:: Action item ::
As the answer, set down the lines below from the one containing "Nato-Generalsekretär Jens Stoltenberg" through the one containing "Sahara Sands screenshot #1 1080x1920", exactly and inclusively, and no others.

:: Exercise inputs ::

::::::::::

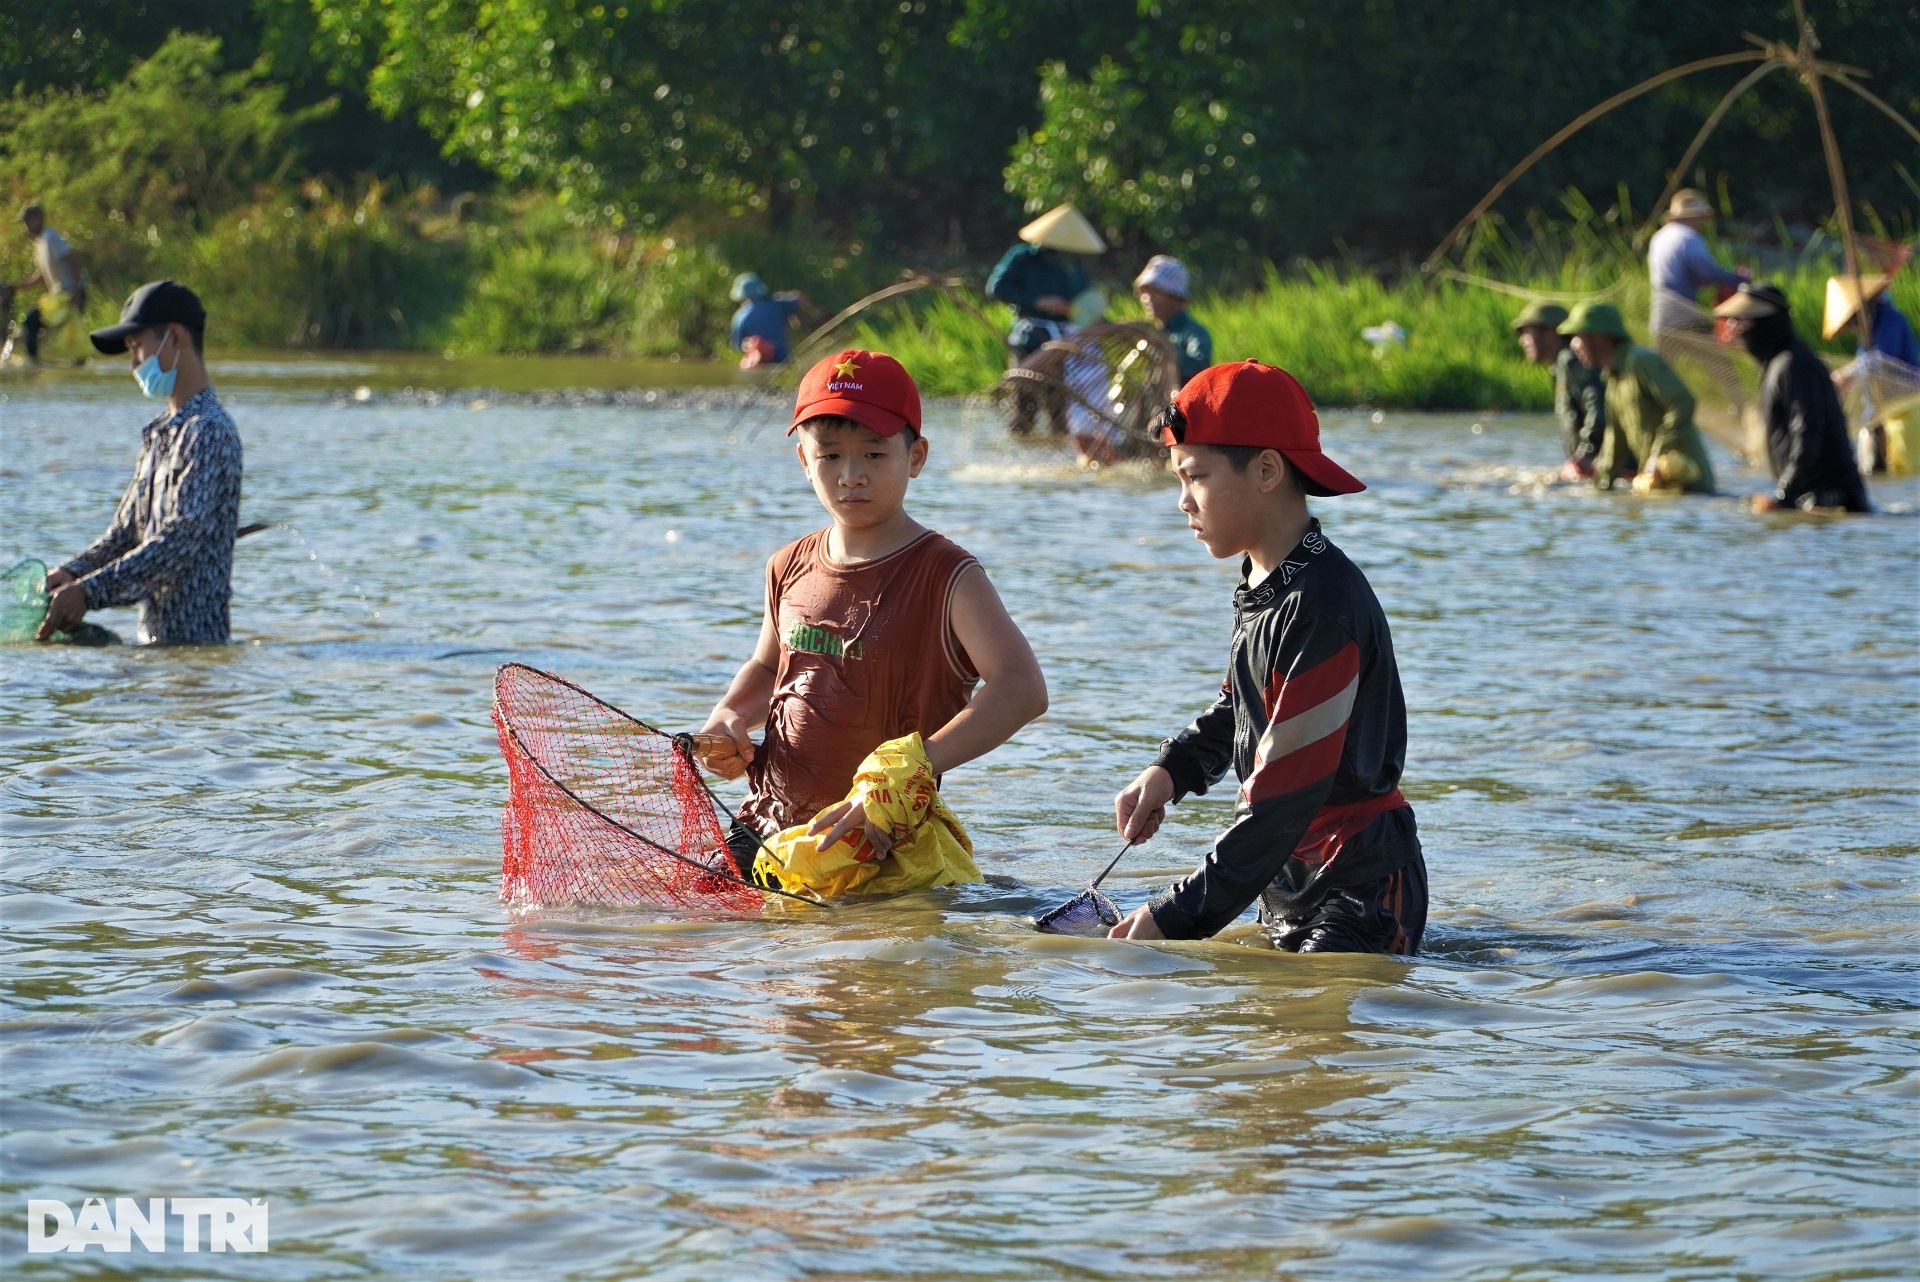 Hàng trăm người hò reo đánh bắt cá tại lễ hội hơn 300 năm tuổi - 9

::::::::::

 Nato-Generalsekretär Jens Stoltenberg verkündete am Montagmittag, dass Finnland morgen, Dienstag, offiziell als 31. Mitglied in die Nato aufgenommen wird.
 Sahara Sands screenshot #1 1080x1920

::::::::::

:: Worked solution ::
 Nato-Generalsekretär Jens Stoltenberg verkündete am Montagmittag, dass Finnland morgen, Dienstag, offiziell als 31. Mitglied in die Nato aufgenommen wird.
 Sahara Sands screenshot #1 1080x1920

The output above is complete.